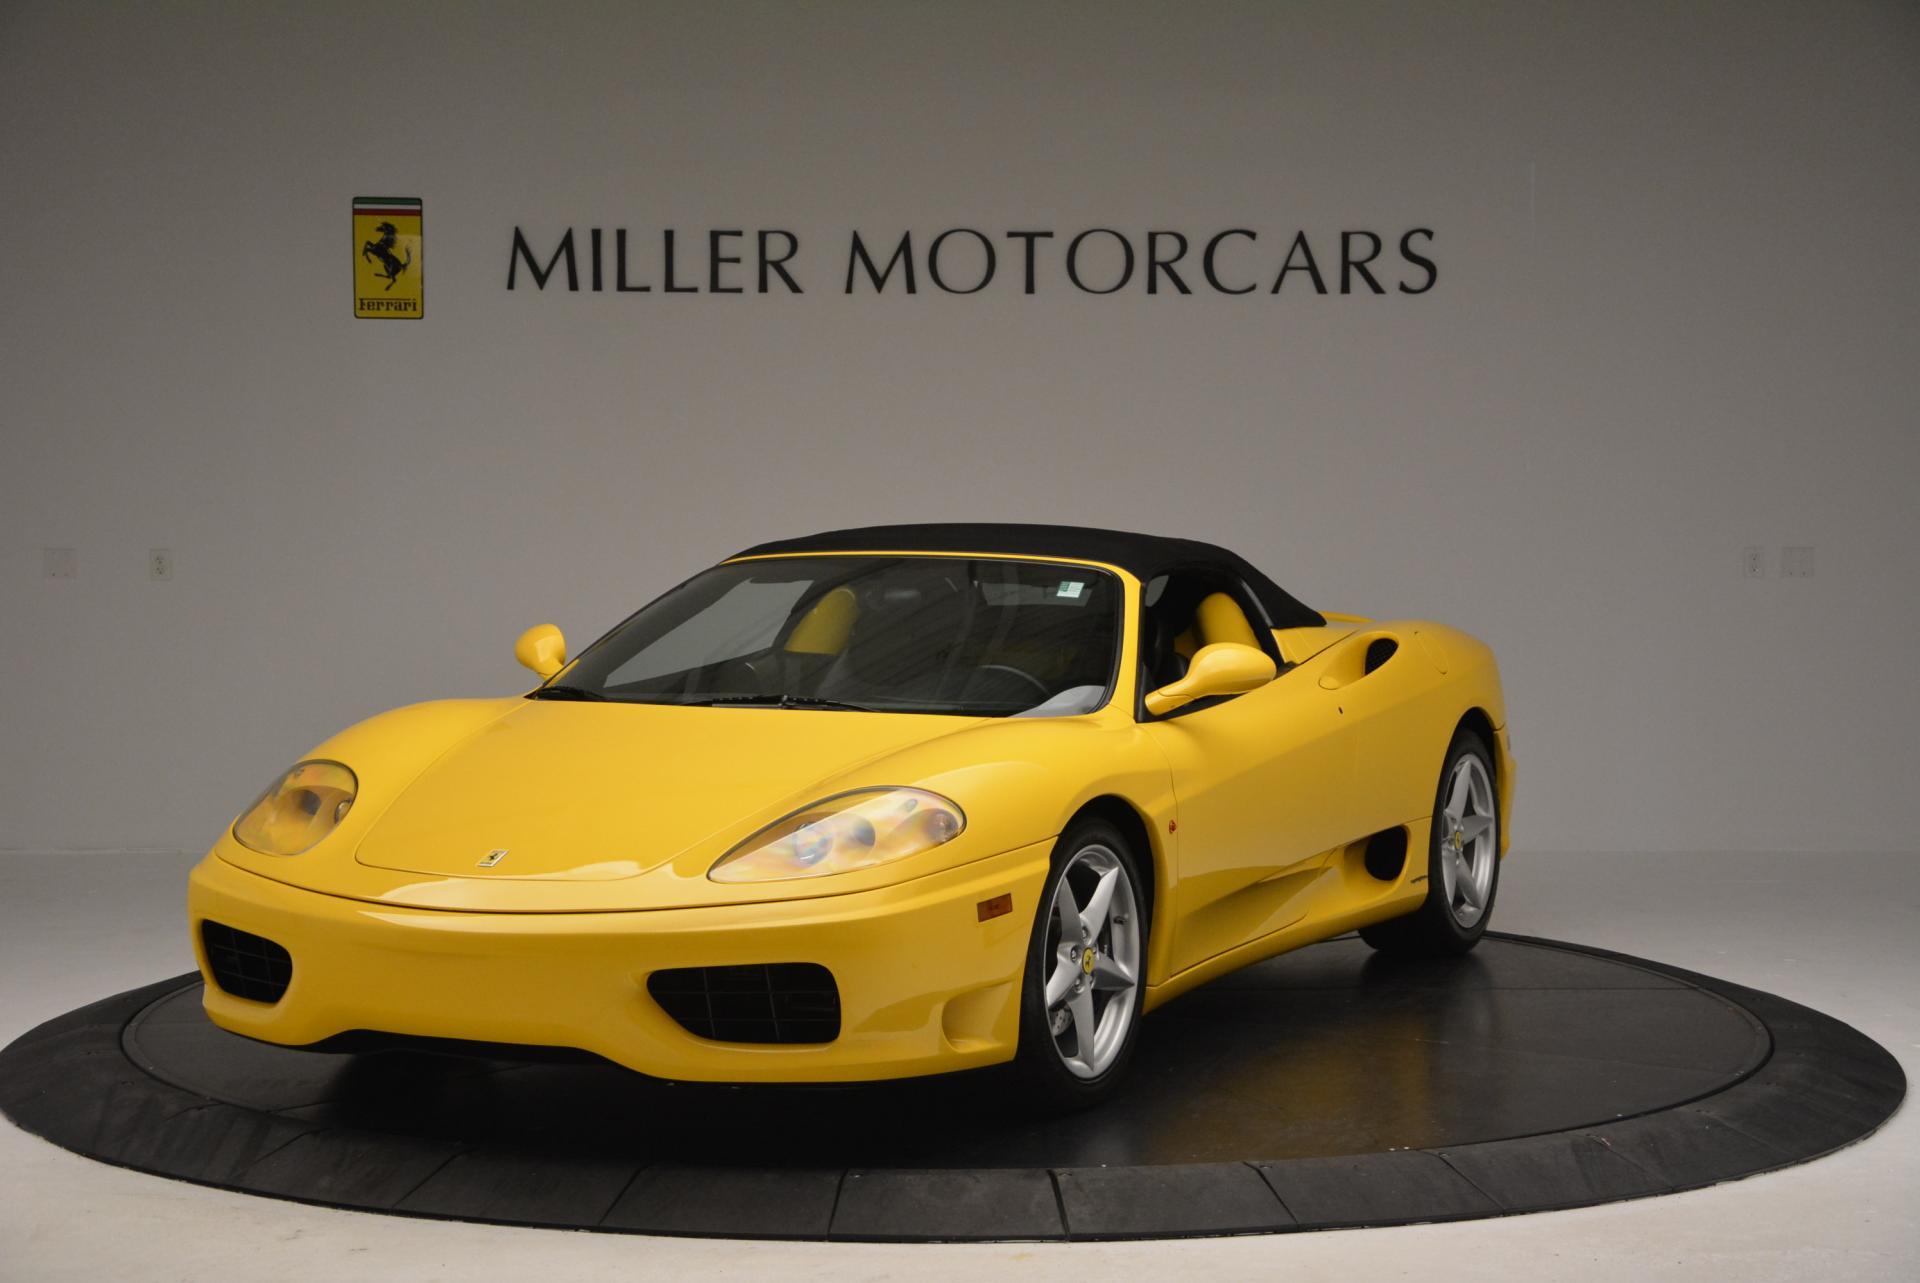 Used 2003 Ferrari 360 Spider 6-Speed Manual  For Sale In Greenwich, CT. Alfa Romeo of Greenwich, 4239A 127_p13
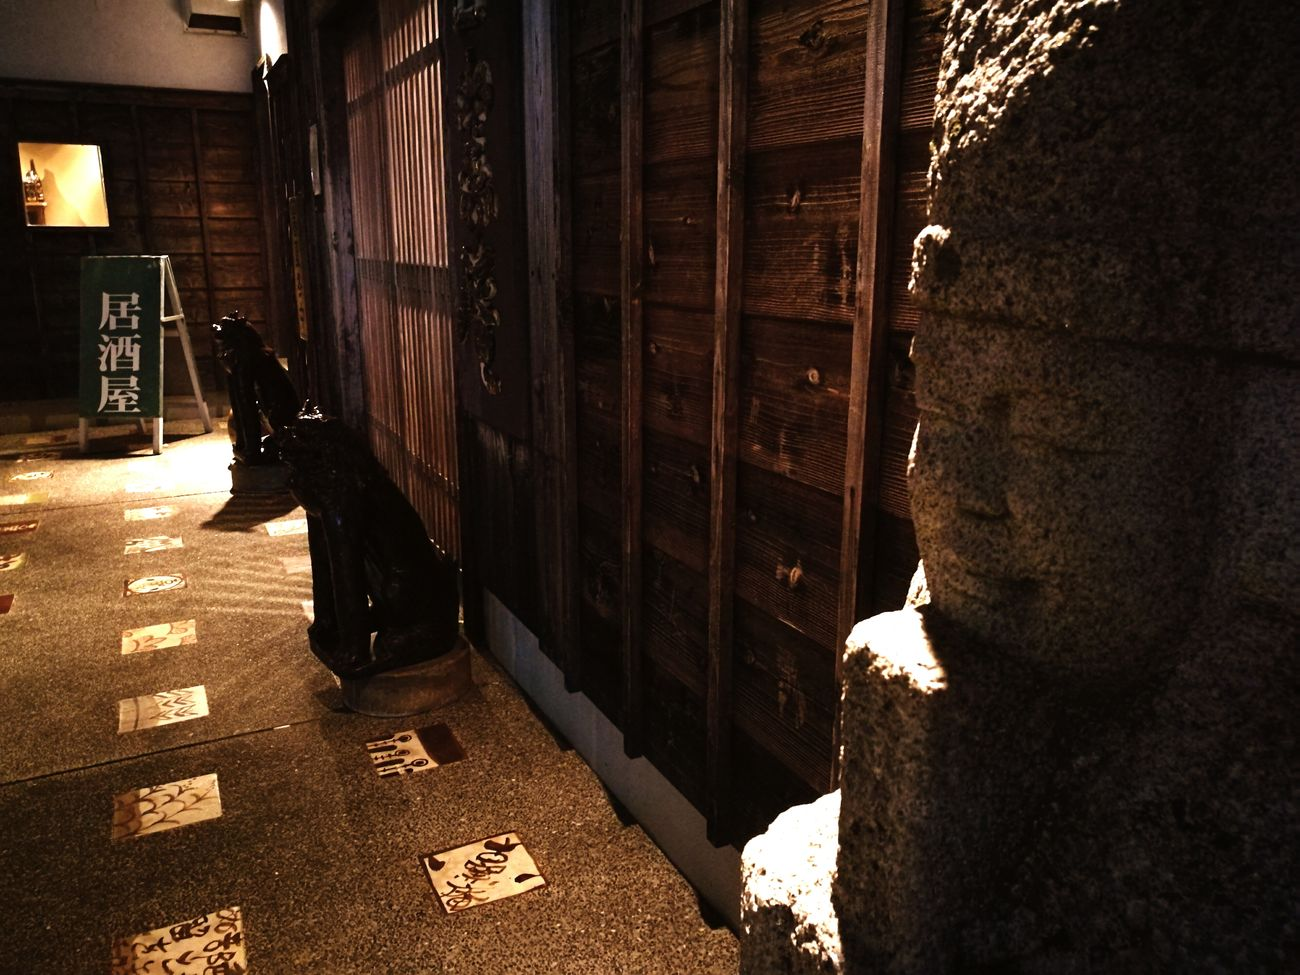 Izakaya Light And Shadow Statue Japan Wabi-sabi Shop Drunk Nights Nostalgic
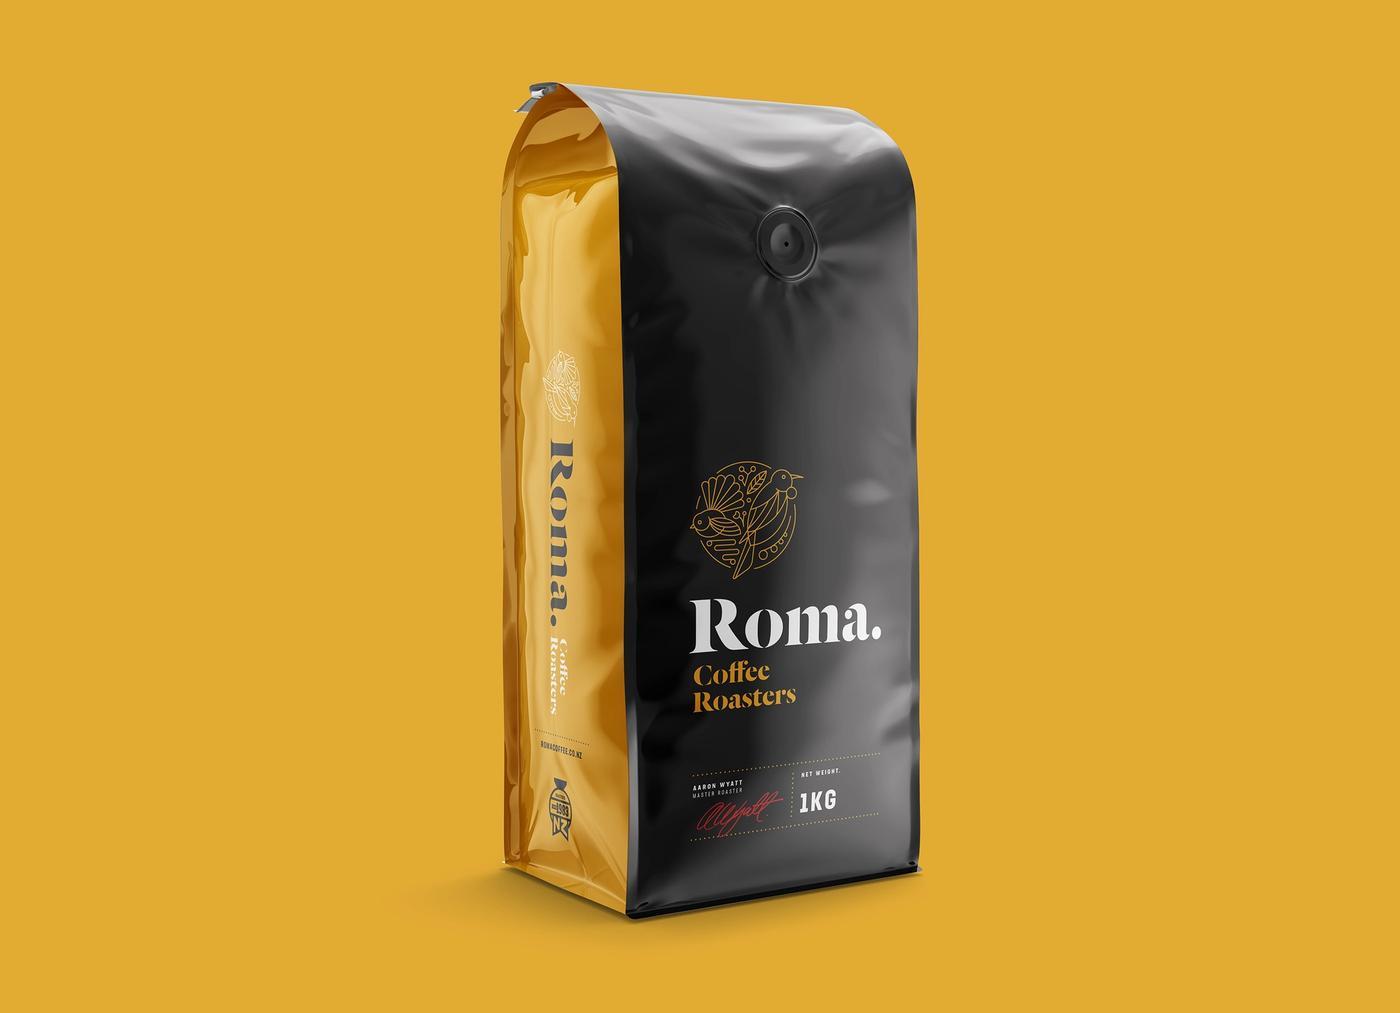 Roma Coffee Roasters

WORK TASK »
All of the data above should be quoted exactly, except for the pictures.

RESULT FOR THIS EXERCISE »
 Used 2003 Ferrari 360 Spider 6-Speed Manual  For Sale In Greenwich, CT. Alfa Romeo of Greenwich, 4239A 127_p13
 Izakaya Light And Shadow Statue Japan Wabi-sabi Shop Drunk Nights Nostalgic
 Roma Coffee Roasters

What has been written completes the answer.